Director: Ahmad Ramezanzadeh

Cast: Zohreh Fakour Sabour, Pejman Bazeghi, Sima Tirandaz, Ferdous Kaviani, Sahar Jafari Jozani

Azhanse Doosti is a 2000 Iranian drama-comedy series directed by Ahmad Ramezanzadeh, following the drivers of a Tehran taxi agency who find themselves swept up in a fresh comic predicament with every shift — a warm episodic ride through everyday Iranian street life.

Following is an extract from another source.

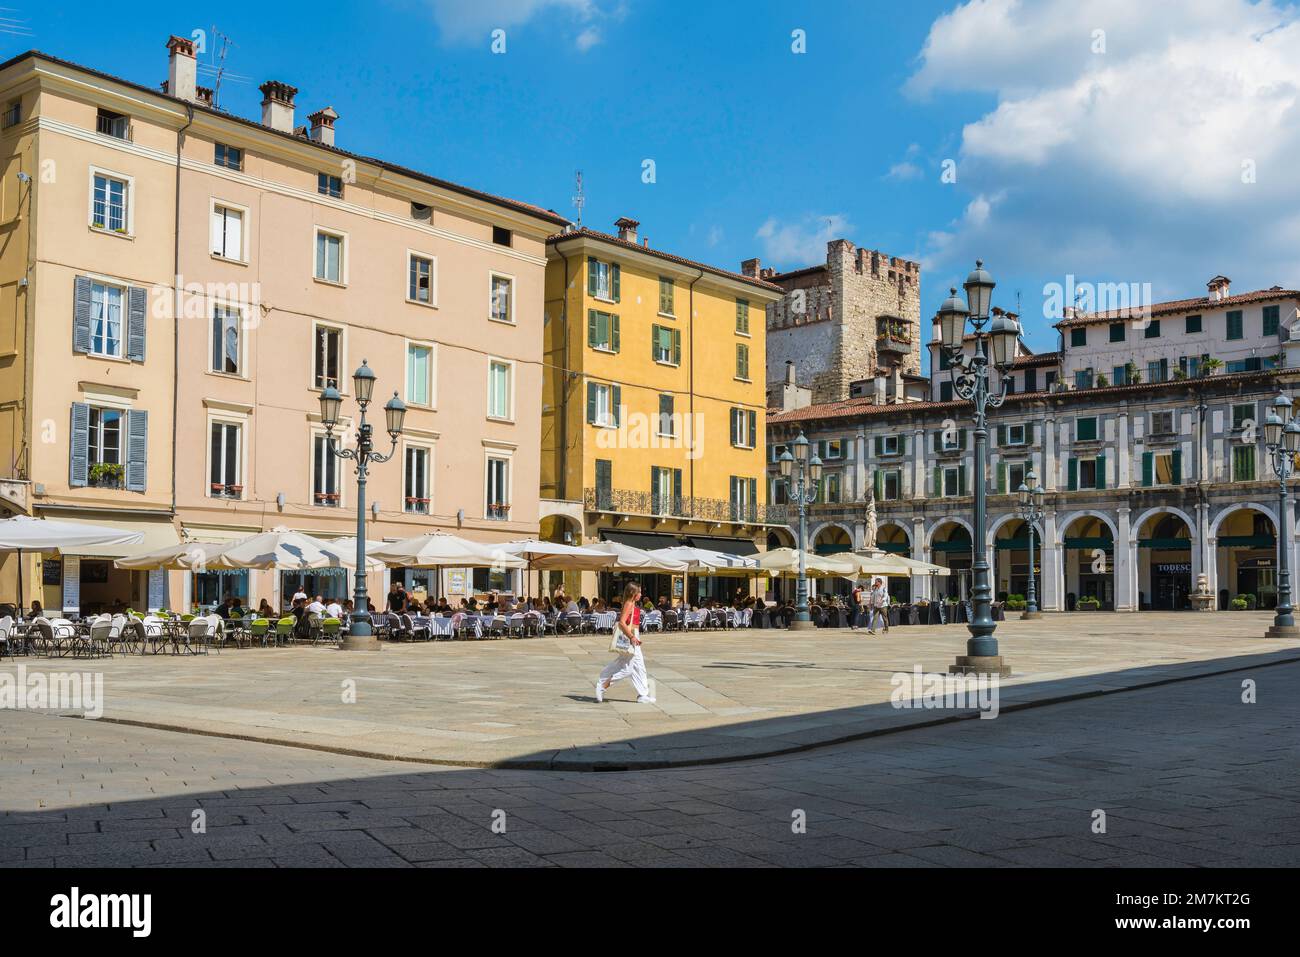 Piazza della Loggia Brescia, vue en été des bâtiments historiques de la Piazza della Loggia dans le centre-ville pittoresque de Brescia, Lombardie, Italie Banque D'Images

What is Azhanse Doosti about?

Every episode of Azhanse Doosti drops the drivers of a bustling Tehran taxi agency into a brand-new situation — a misunderstanding, an unexpected passenger, a domestic dispute that spills into the back seat, or a neighborhood crisis that turns a simple fare into an adventure. The series is structured as a loose anthology: most stories resolve within a single episode, though some threads stretch across several installments. What connects them is the recurring ensemble of cab drivers, their banter, and the colorful stream of ordinary Tehranis who climb in and out of their cars. The show finds comedy and warmth in the small dramas of city life — traffic, family tensions, love, money — all filtered through the windshield of a shared taxi.

Cast & crew

Director Ahmad Ramezanzadeh helms the series with a light touch well suited to its episodic format. The ensemble includes Zohreh Fakour Sabour, Pejman Bazeghi, Sima Tirandaz, Ferdous Kaviani, Sahar Jafari Jozani, Reza Banafshekhah, Ahoo Kheradmand, and Asghar Hemmat — a deep ensemble capable of cycling through comedy, warmth, and mild drama as each episode demands.

Context & significance

Iranian television comedy-drama has a long tradition of the workplace ensemble format — a group of recurring characters bound by a shared job, facing fresh guests and situations each week. Azhanse Doosti sits firmly in that tradition, but distinguishes itself by anchoring the action in a taxi agency: a uniquely democratic urban space where every class and personality in Tehran passes through. For diaspora viewers, the series carries a powerful nostalgic charge — the sight of familiar Tehran streets, the sounds of colloquial Farsi, and the rhythms of everyday life that many left behind. It belongs to the early 2000s wave of Iranian serial television that was accessible, warm, and designed for the whole family to watch together.